Beginning with the line that contains "2012 Audi A4 for 1280 x 1024 resolution", retype the entries below exactly, ending with the line that contains "Yamaha Grizzly 660, YFM660". Leave out any pictures.

[ENTRIES SUPPLIED]
□ □ □

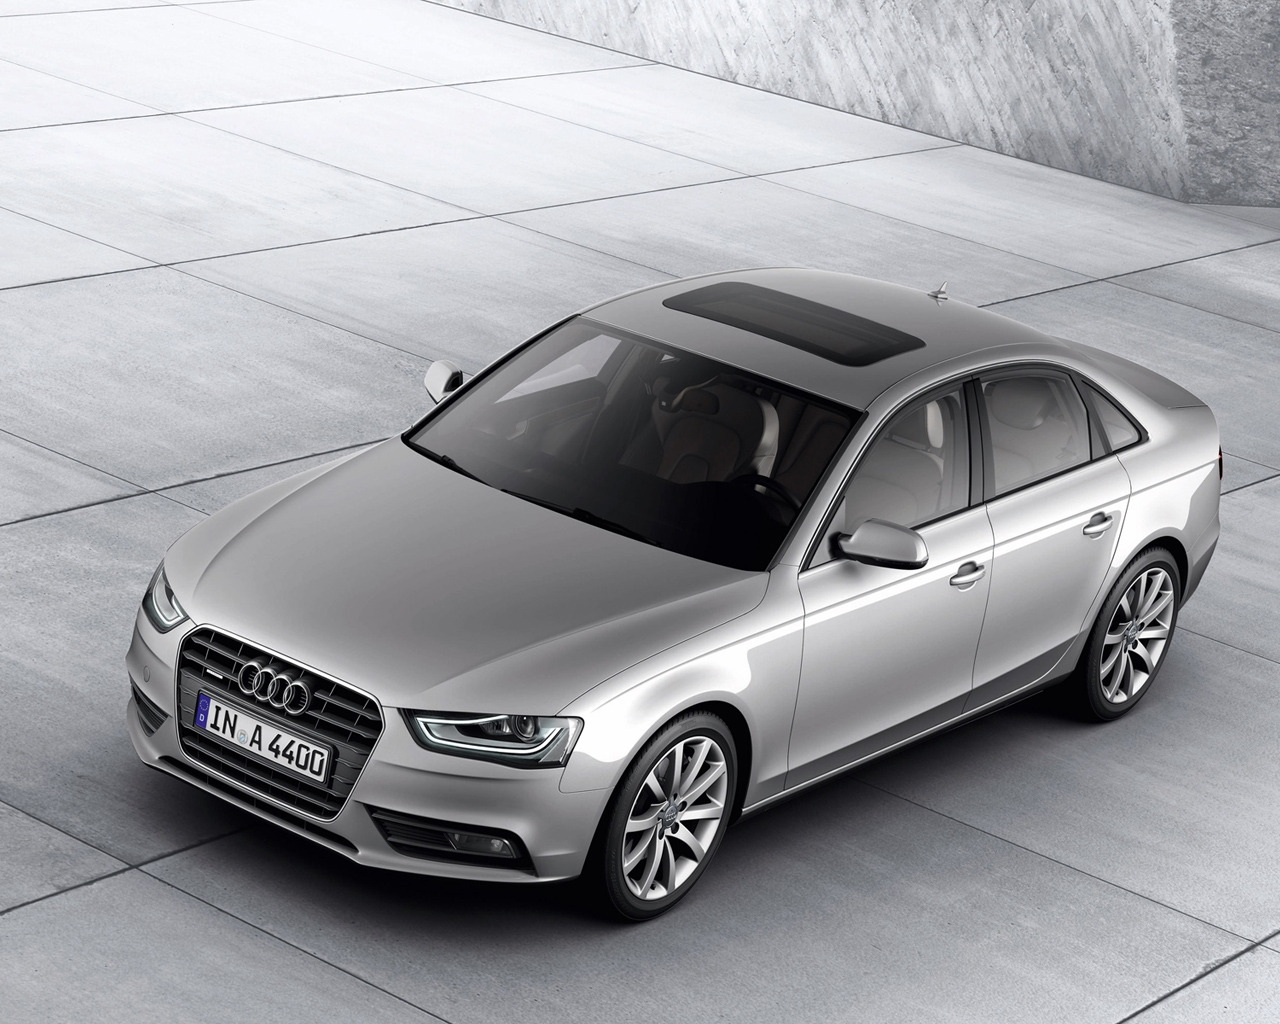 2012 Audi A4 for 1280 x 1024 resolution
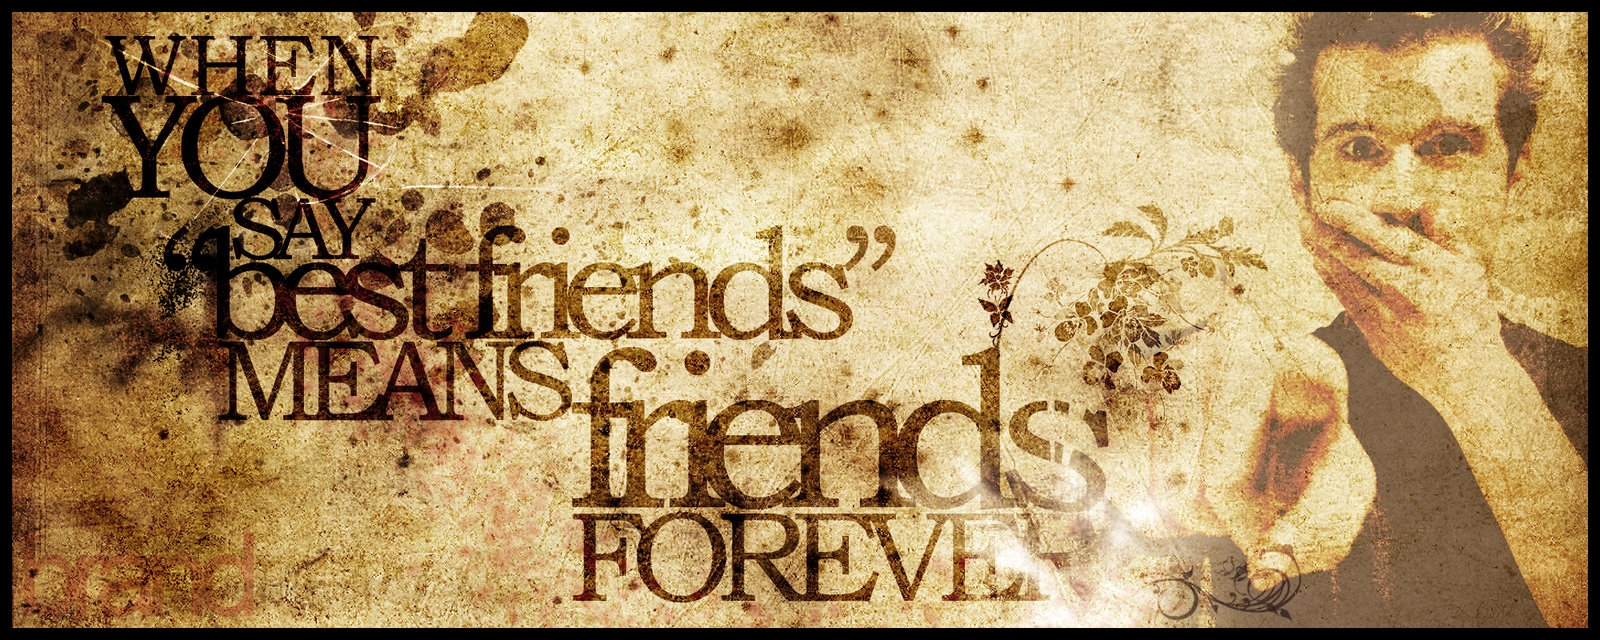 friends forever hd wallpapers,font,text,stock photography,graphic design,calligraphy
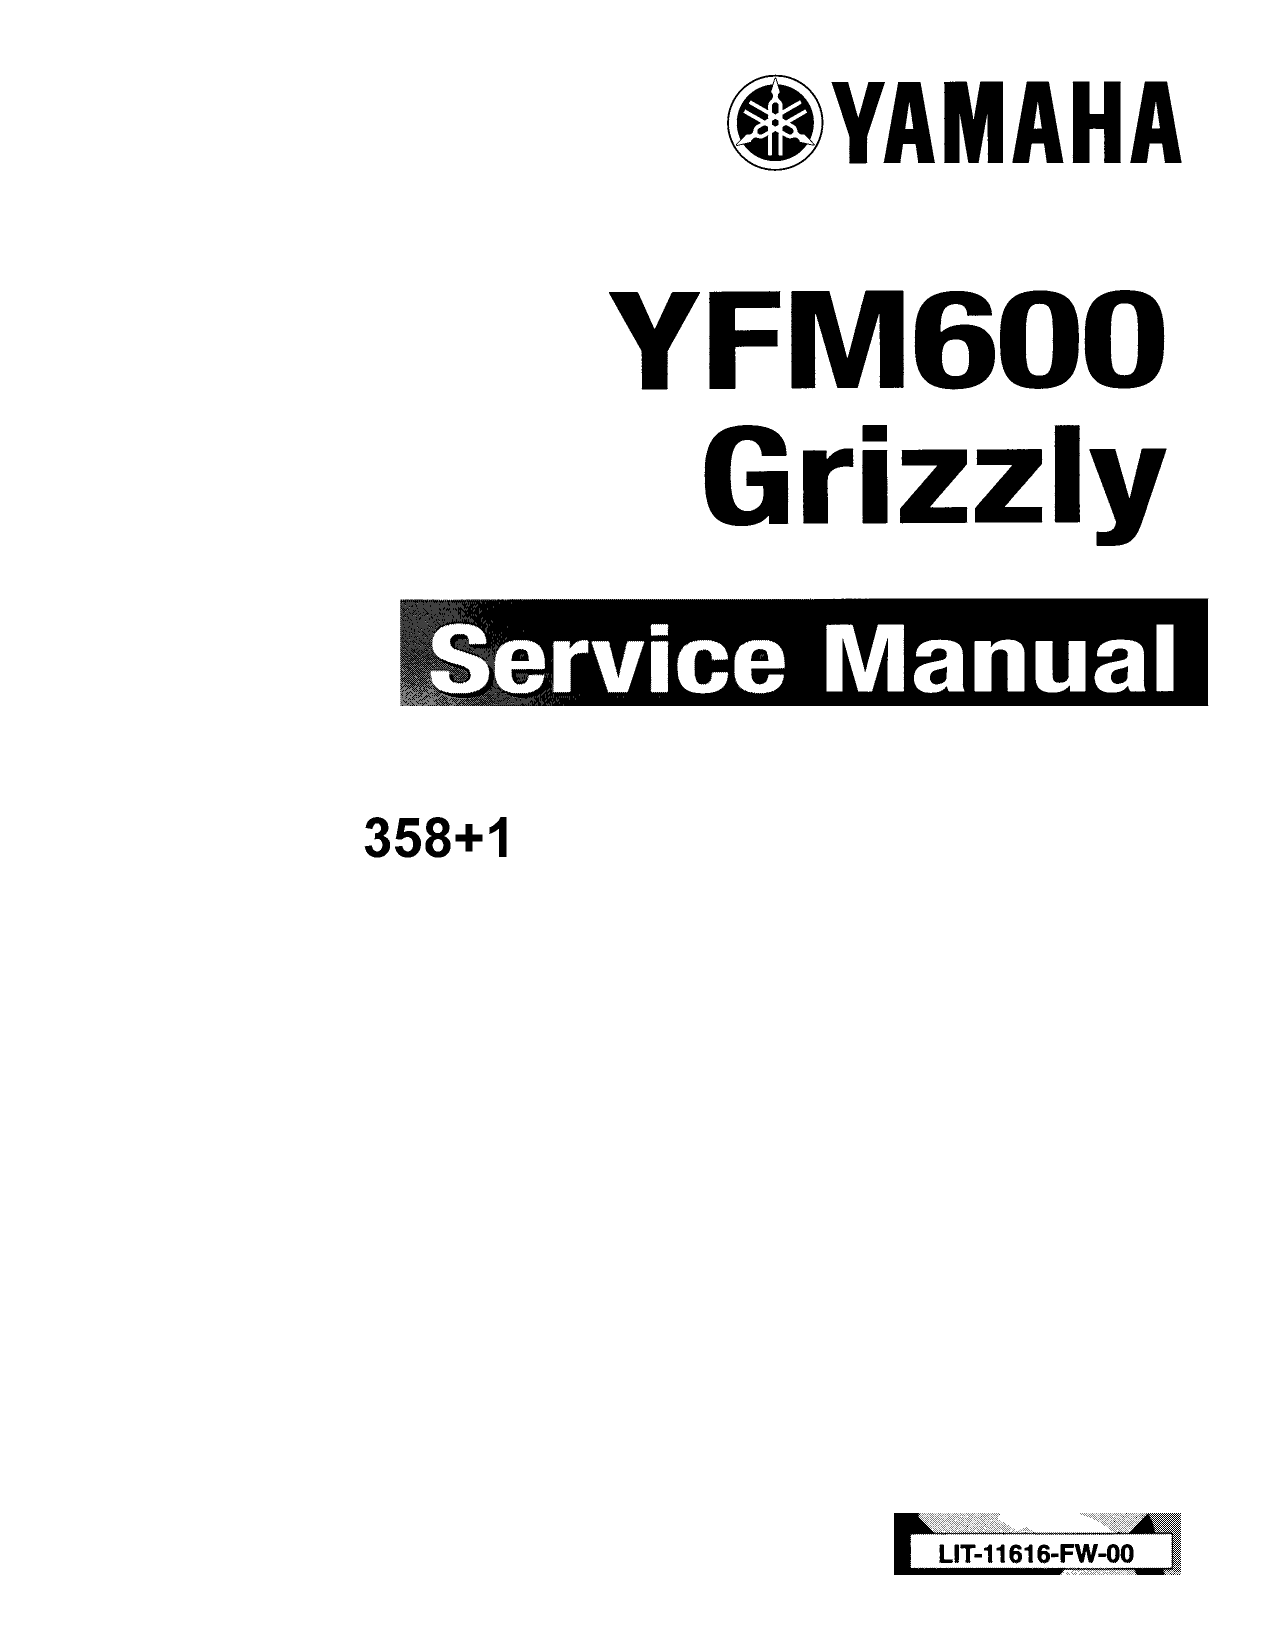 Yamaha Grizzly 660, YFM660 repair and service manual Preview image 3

□ □ □

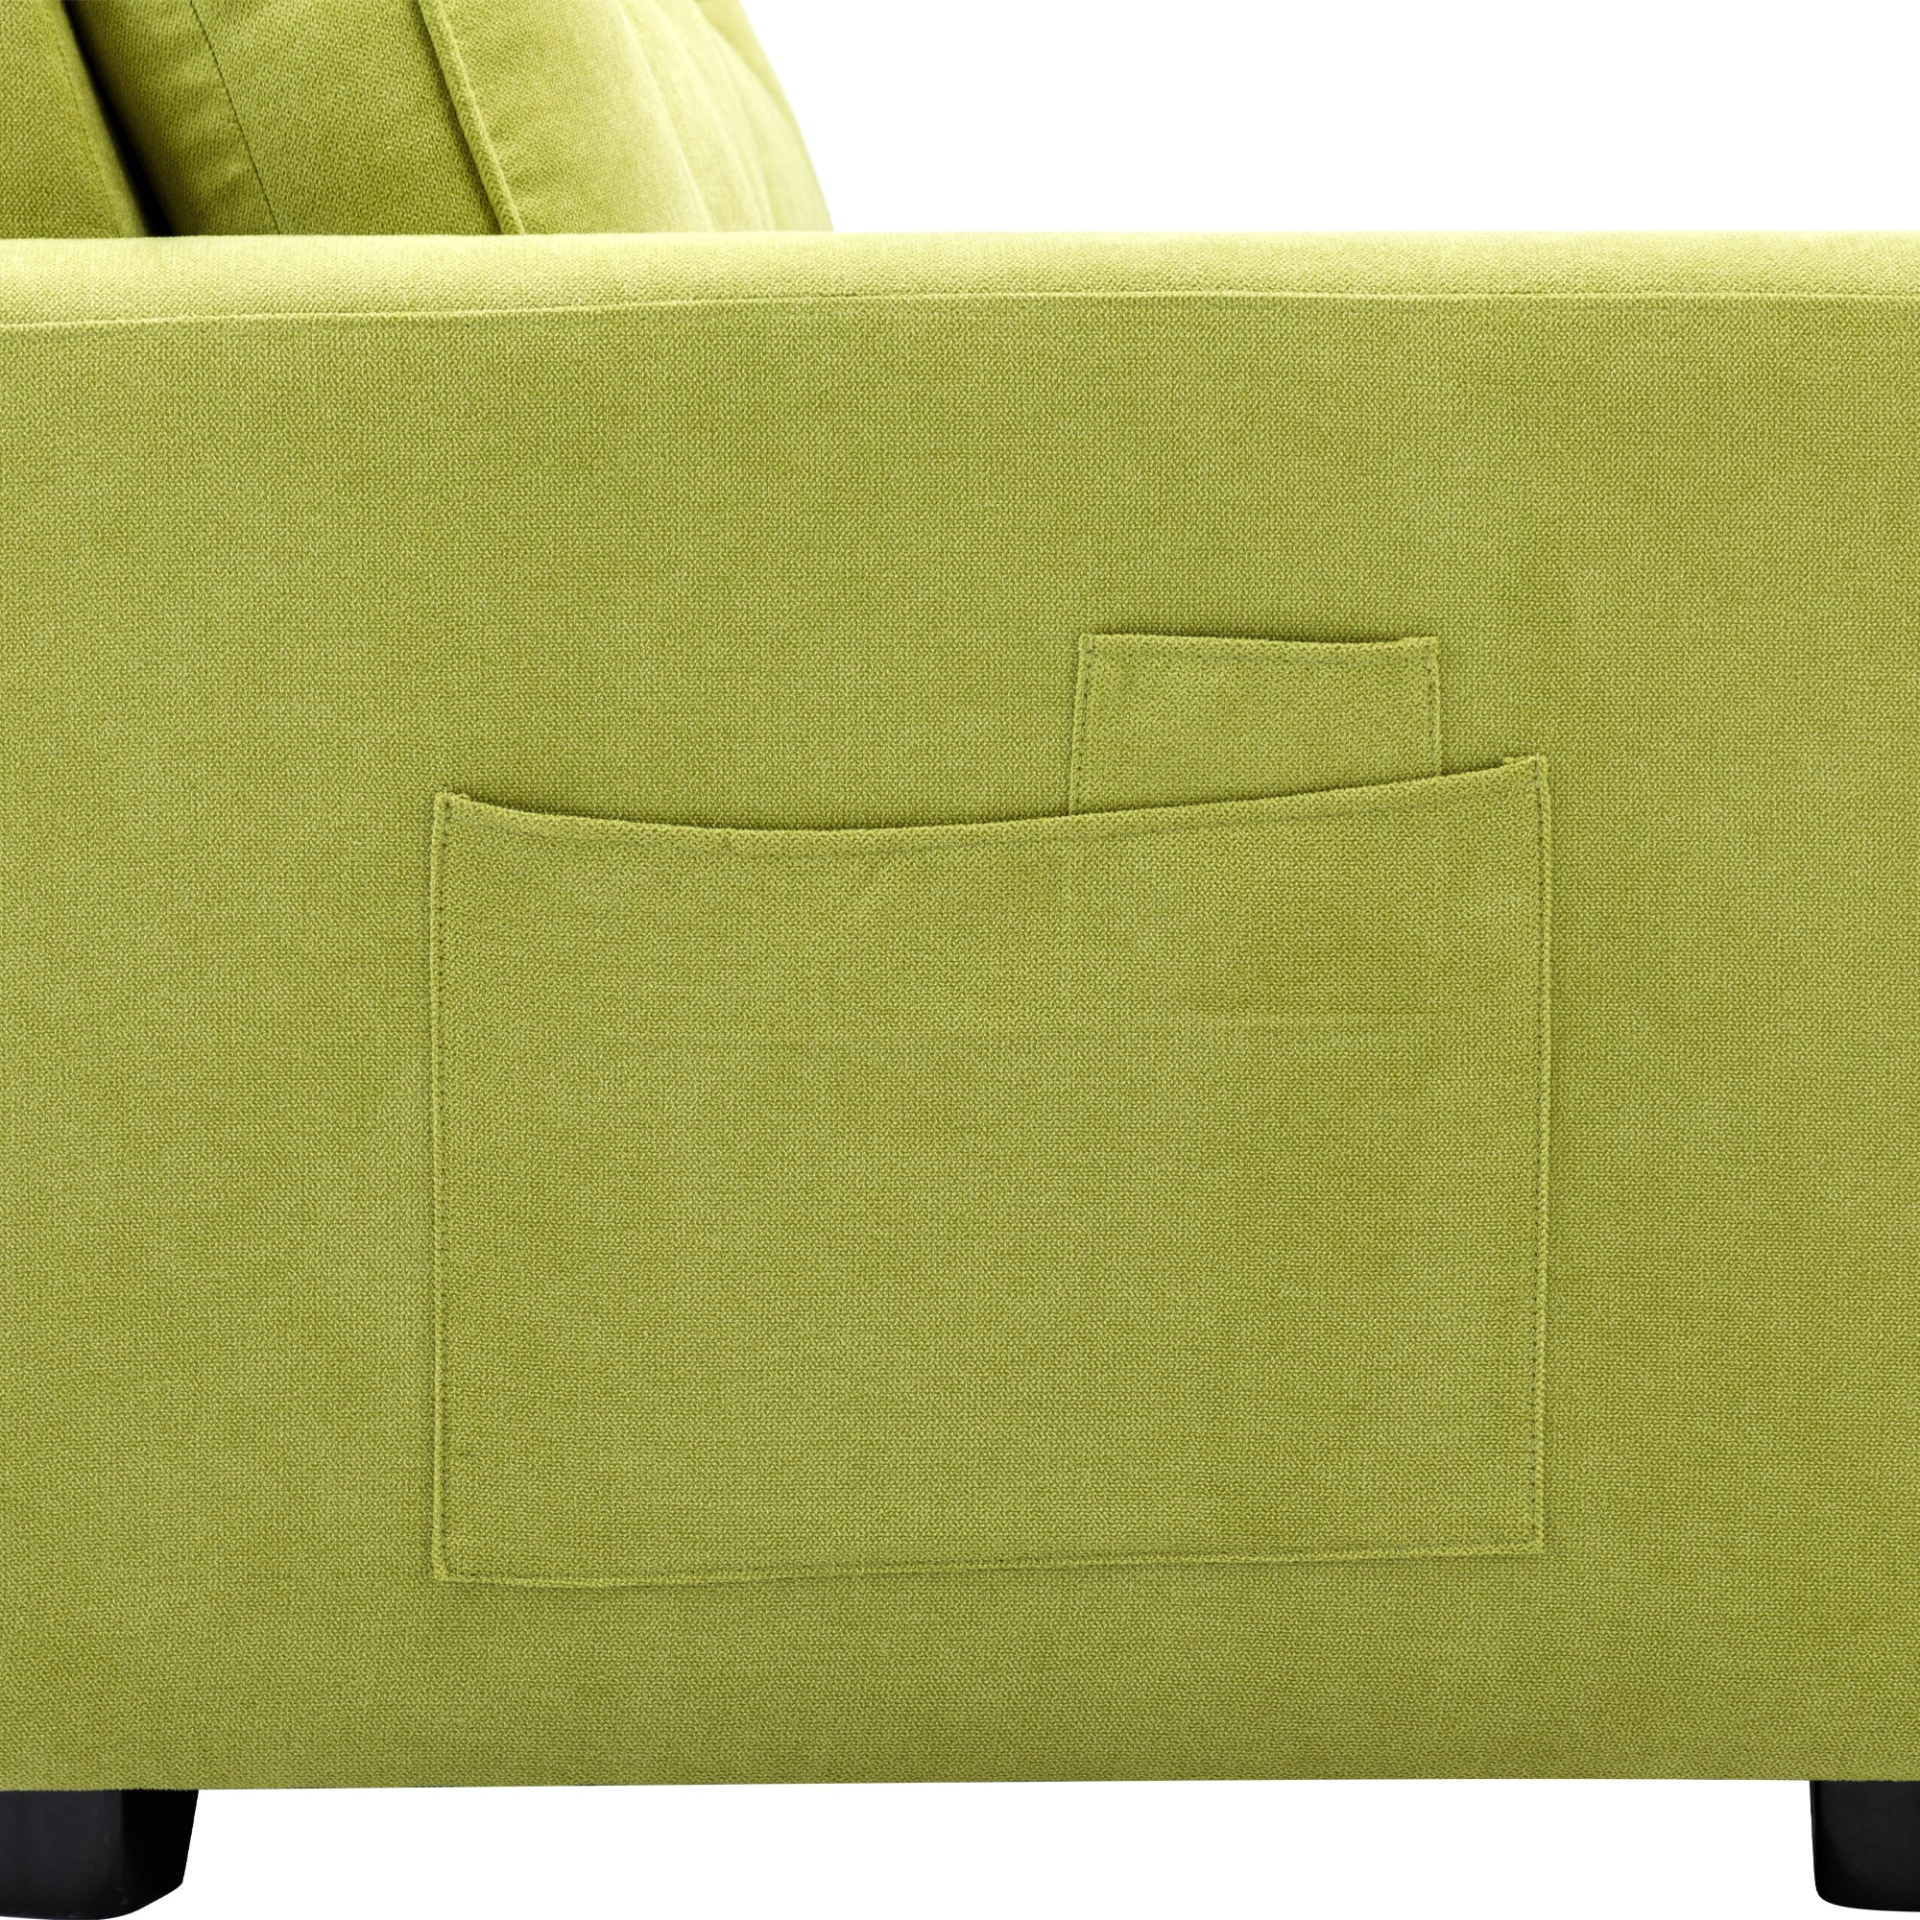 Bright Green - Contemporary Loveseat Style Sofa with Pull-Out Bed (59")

□ □ □

[WRITTEN ANSWER]
 2012 Audi A4 for 1280 x 1024 resolution
 friends forever hd wallpapers,font,text,stock photography,graphic design,calligraphy
 Yamaha Grizzly 660, YFM660 repair and service manual Preview image 3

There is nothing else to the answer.